Our staff and third parties retained by us to assist us in accomplishing our mission have access to the information we collect.
Your information is disposed of after the latter of three years after you cease being an OPO member and the end of known and recognized legal liabilities (other than those relating to the retention and security of the information) relating to the information.
If you contact CPOI to verify a person's OPO membership and CPOI accreditation, we collect from you your contact information and place it in the relevant member's file and may disclose it to the relevant member.
If you withdraw your consent to any of the above, you may not receive all of your membership benefits.
If you withdraw your consent to our disclosing whether you are an OPO member and what CPOI exam-based accreditation you hold, your membership and accreditation will be cancelled. This is because a fundamental purpose of the accreditation process is to prevent those who do not hold the accreditation from claiming that they do. In order to prevent that, and thereby make the accreditation process meaningful, it is necessary for us to confirm whether you do hold the accreditation when we are asked.
Information collected may be placed in databases, word processing merge documents, and other electronic systems to facilitate the uses described above.
Practices
When a membership application arrives, we send the necessary products and file the application.
When an exam-based accreditation application arrives, we verify the included information, determine the relevant accreditation, confirm it will be acceptable to the applicant, design an accreditation test, send the necessary preparation information to the applicant, coordinate test date with applicant and invigilator, forward the test to the envigilator, and file the application.
When test answers arrive, we copy them, remove the front page identity information from the copy to be sent to the evaluators, forward the anonymous copy to relevant evaluators, receive the evaluator's evaluations, send the relevant revision test or send the license for the relevant accreditation, send payment to the evaluator, when the license is received, license the relevant accreditation to the relevant person, update the member's accreditation information in the member's file.
When a member joins and provides a referrer number, we disclose to the referrer that the member joined unless the member checks a box indicating the member does not want the information disclosed.

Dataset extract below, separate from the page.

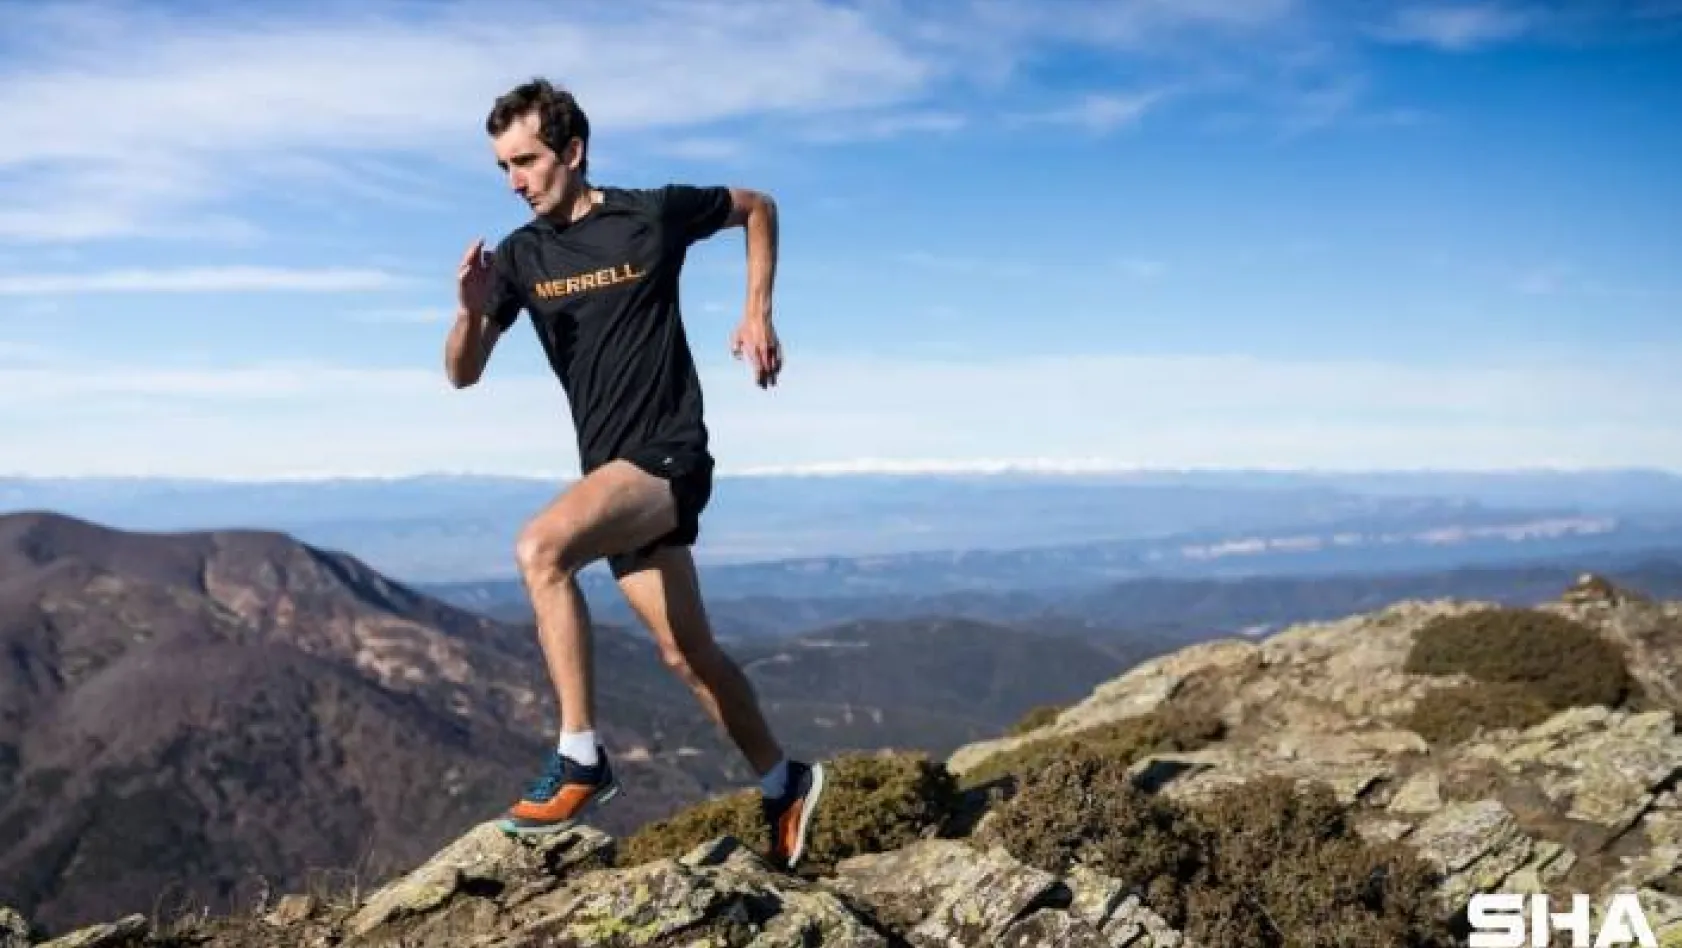 Merrell Alanya Ultra Trail 2021, dünyaca ünlü atletlere ev sahipliği yapacak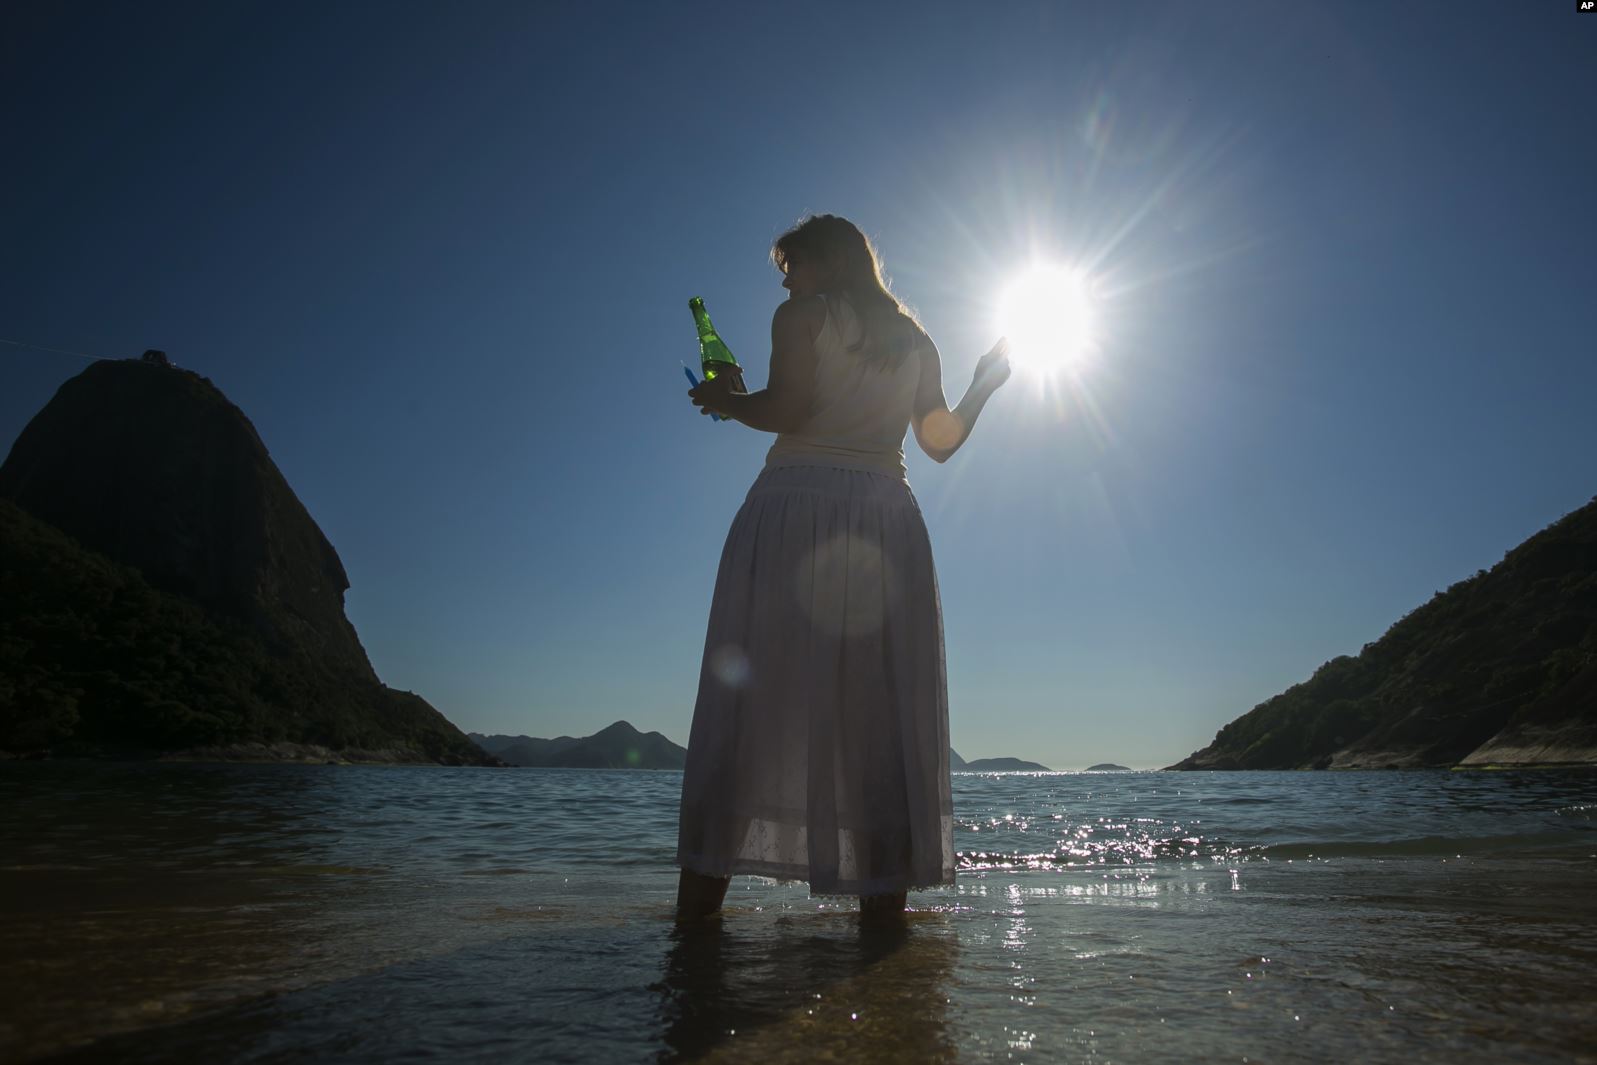 Una mujer sostiene una botella de sidra espumante como una ofrenda a Yemayá, una deidad de la religión africana Yoruba, durante una ceremonia en honor a la diosa del mar, la cual es parte de la celebración en Praia Vermelha, en Rio de Janeiro, Brasil, el 31 de diciembre de 2019. | Foto: AP / Voz de América

When an inquiry about a person's membership status arrives, we obtain the requestor's consent to collect and save and disclose to the member the requestor's information, receive the identity and contact information of the requestor, check the member's file, confirm the membership and accreditation or not, place the requestor's information in the member's file.
When information is sent electronically to members, we send it by e-mail to the e-mail address on record.
When information is sent by post to members, we send it to the postal address on record.
When a request to review a member's personal information is requested, all within 30 days of the request, we locate the file, determine whether there are legal prohibitions on the disclosure, if not, then send a message advising of the cost of satisfying the request. When the payment is received, we purge the personal information of third parties if necessary, copy and send the copied file. If they provide corrected information, update the file accordingly.
If we receive a complaint, we date it, acknowledge receipt immediately, and deal with it within 30 days.
We change our privacy policy from time to time. When we do, our updated policy will be updated here.
If you make a request regarding the existence, use, or disclosure of your personal information, we will advise you of the approximate cost of responding to the request. At that time you may choose whether to withdraw or continue with the request.
To make a request, gain access to your information, or file a complaint, the Chartered Privacy Officers, Inc. Privacy Officer may be contacted via postal address: 766 Community Row, Winnipeg, Manitoba, R3R 1H7.